I'm not getting any guide information past about an hour. If feel like I'm back to using the 921. Is anyone else having this problem? Should I call E* or is this a systemwide problem?


----------



## leemathre (Sep 25, 2003)

I am not seeing the probelm on either 942. Before calling E*, I would go into the menu and change the update schedule to a time in the near future.


----------



## jbaker8679 (Jan 12, 2006)

lujan said:


> I'm not getting any guide information past about an hour. If feel like I'm back to using the 921. Is anyone else having this problem? Should I call E* or is this a systemwide problem?


its a software prob and they are working on it till they fix it there isnt anything anybody can do about it trust i have been hearing about it for about 2 weeks and i am having the same prob i am a tech so all we can do is wait sorry


----------



## Thor263 (Mar 5, 2005)

I've experienced this problem twice. I just do a check switch and it downloads new guide data.


----------



## lujan (Feb 10, 2004)

Thor263 said:


> I've experienced this problem twice. I just do a check switch and it downloads new guide data.


I ended up doing that but it screwed up my recording at the time. It ended up recording the same show twice. I don't know how, but when I tried to delete one of the timers, it ended up deleting both of them so I missed about 6 minutes of the movie. Oh well, next time I won't do anything while a recording is currently occurring.


----------



## Thor263 (Mar 5, 2005)

lujan said:


> I ended up doing that but it screwed up my recording at the time. It ended up recording the same show twice. I don't know how, but when I tried to delete one of the timers, it ended up deleting both of them so I missed about 6 minutes of the movie. Oh well, next time I won't do anything while a recording is currently occurring.


Bummer...luckily I have always noticed it when nothing was recording.


----------



## Avillant (May 21, 2004)

When I got home Monday evening, I found that I had no program guides since Sunday evening. With no program guide, I couldn't set up recordings. Everything else worked okay. Upon examination, I found that my 119 signal was down to about 75 and my 110 signal was down to 50 or less. It was futile to try to load any new program guide.

Since it was windy the night before, I found my Dish 500 dish had moved. fixing this and getting my signal back, i was then able to get a program guide and everything else worked normally. I was told that most channels might work with such a low signal, but the program guide requires a signal on 110 of about 70 to work. Probably not your trouble, but worth taking a look.
Tony


----------



## frossie (Jun 8, 2004)

I have had this problem almost every day for the last 10 days now.
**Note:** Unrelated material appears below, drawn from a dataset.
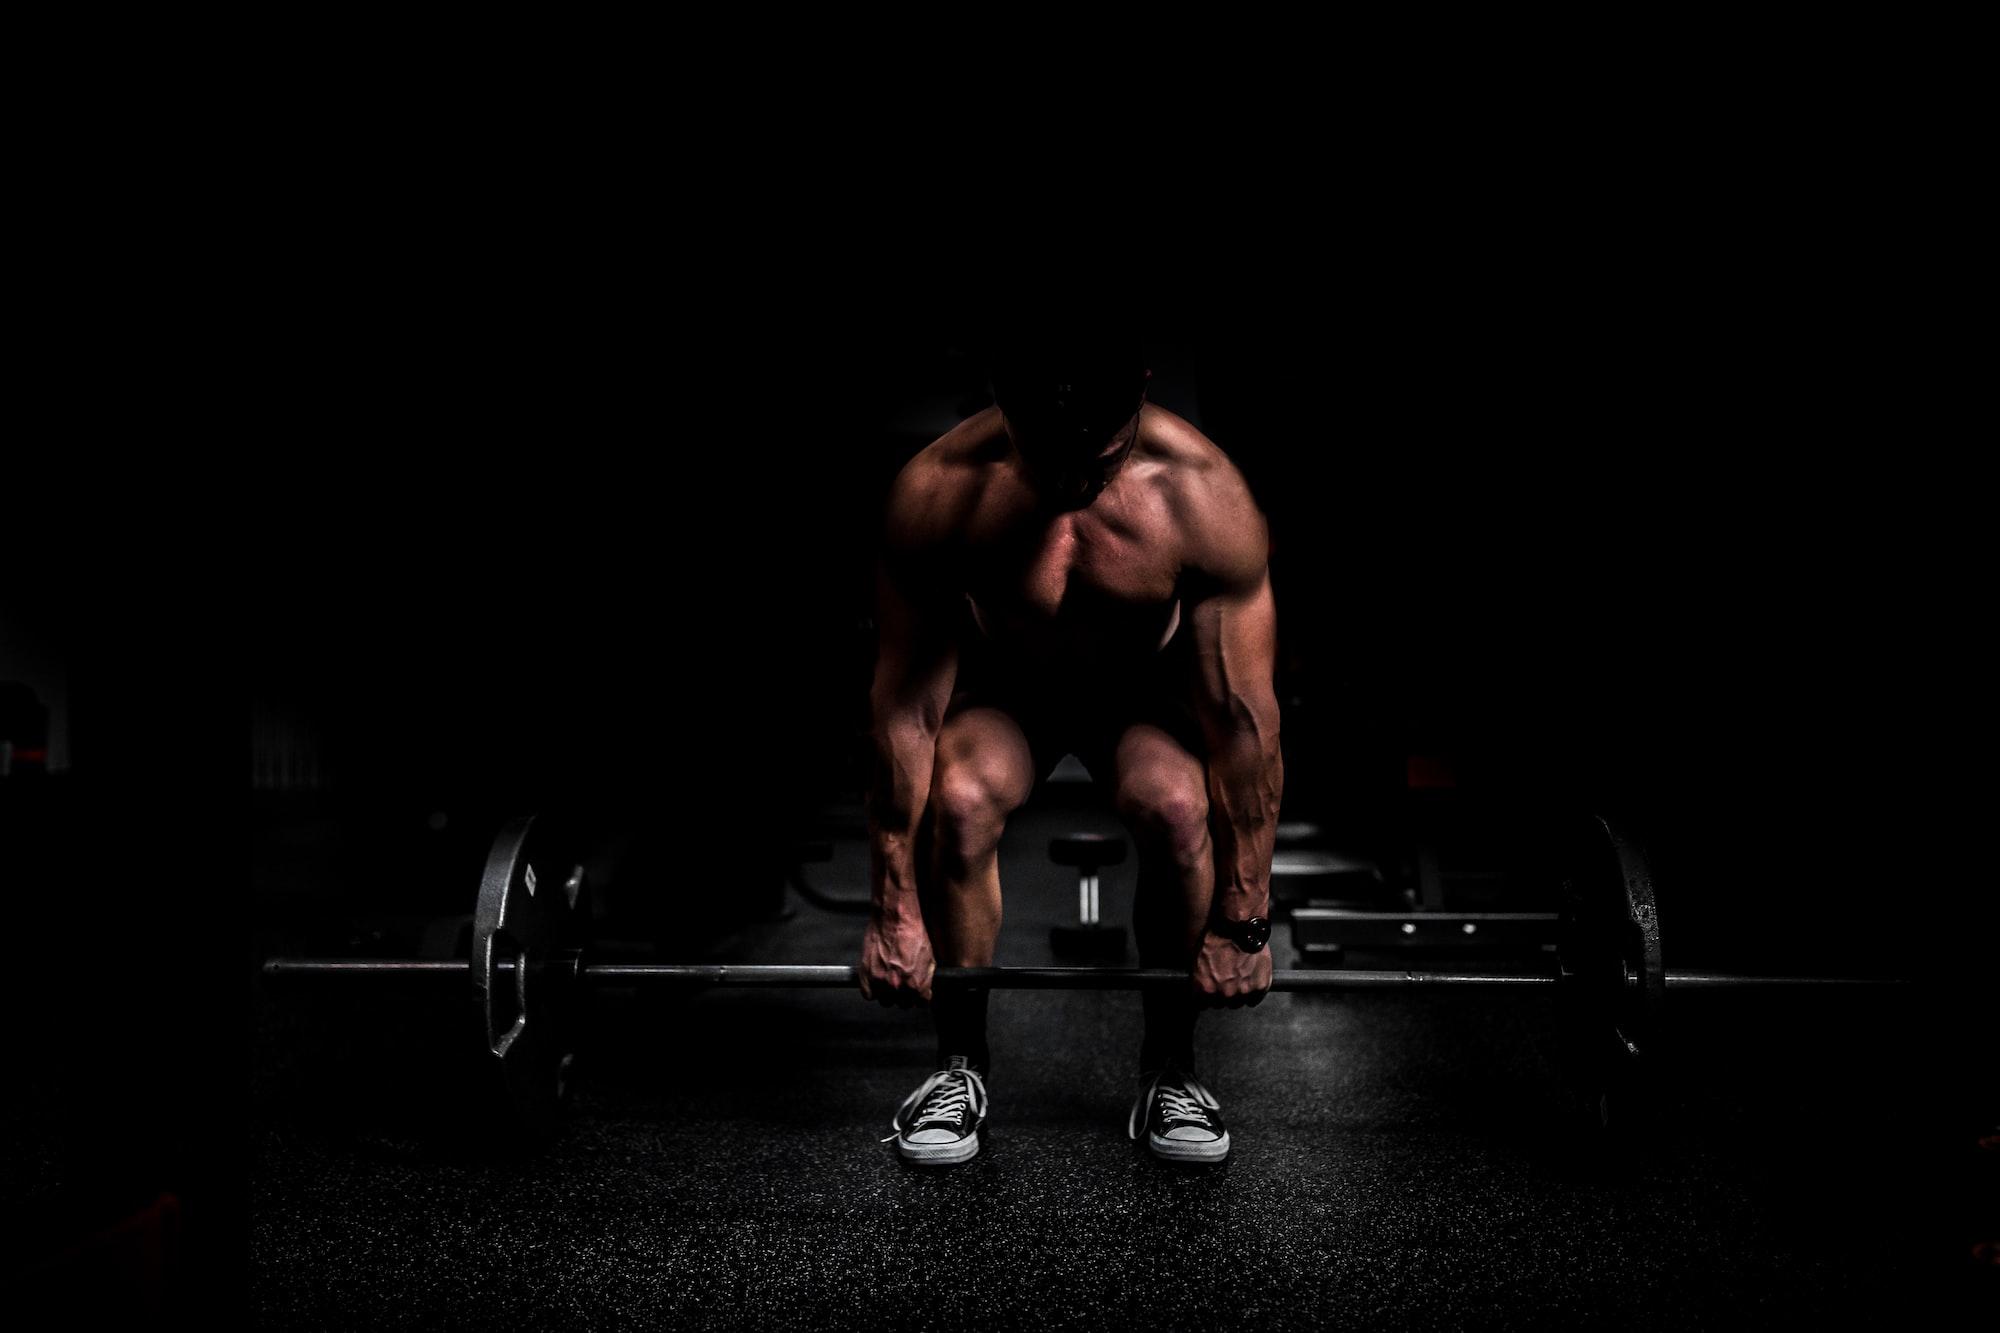 Professional bodybuilder posing  Captured By @VisualsByRoyalZ

This is getting seriously annoying as it kills all the timers when it happens.

What happens:

1. The automatic update fails (I have tried all sorts of different times, including when I know for a fact I am getting suitable signal strength in the SD channels).
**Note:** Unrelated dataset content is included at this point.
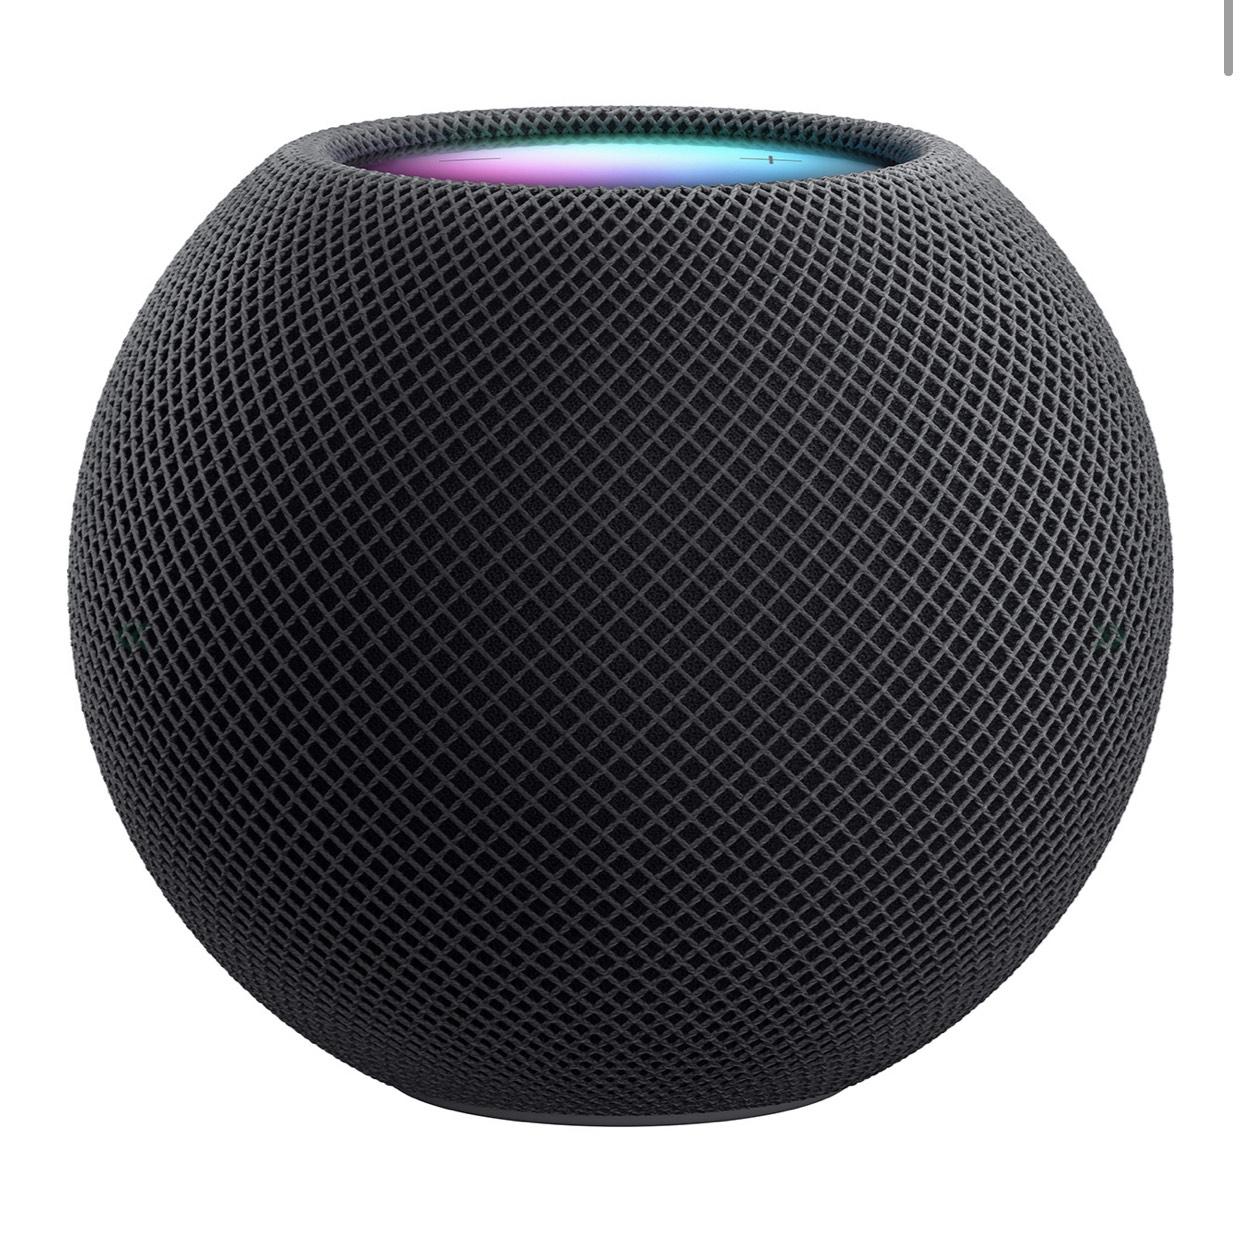 Apple HomePod Mini with Siri – Space Grey - £75 @ ElekDirect (AO Outlet)

2. Guide goes blank after the next couple of hours. All upcoming timers go blank. Even manual timers cannot be set (which surely is a misfeature). 

3. In that state, if you guide-forward it detects that the program guide is out of date, and asks you to download it. Then either

3a. The progress bar does nothing but it does complete and the timers come back. or
3b. The progress bar does nothing and does not complete but pressing stop makes it do as above after a certain amount of time.

4. This works until the time of the next update in which you are back to step 1. Repeat ad infinitum with increasingly inventive vocabulary.

Rebooting does not help.

I am getting pretty desperate.


----------



## frossie (Jun 8, 2004)

Actually, to follow up on myself although it felt like ten days I am only positive that I got this when I missed a program on Friday morning, so that would be the 5th of May.


----------



## Tom-Tx (May 23, 2005)

I've had this exact same problem before. My receiver hangs up during the update process and thus never completes the cycle. A while ago advanced tech support told me to disable automatic updates which I did. This seemed to work very well. I still got software updates (how I don't know and most of the time I wish I hadn't) and the EPG data was kept up to date. With this last software update, you can no longer disable automatic updates. I'm now back to checking the scheduled timers every day but so far all has been well. If I end up like you (i.e. my previous problem) I most assuredly will be back on the phone and emailing E* top brass for a true fix.

EDIT:
BTW, I have 2 legacy 500 dishes (61.5 for one and 110/119 for the other) with SW21s. Don't know if that had anything to do with the hangup or not.


----------



## frossie (Jun 8, 2004)

Argh this is definitely happening to me on a daily basis now, it's beyond irritating. Ironic that you solved it with using a feature that they removed as soon as my problem started.

I guess I will have to ring up Dish. :-(


----------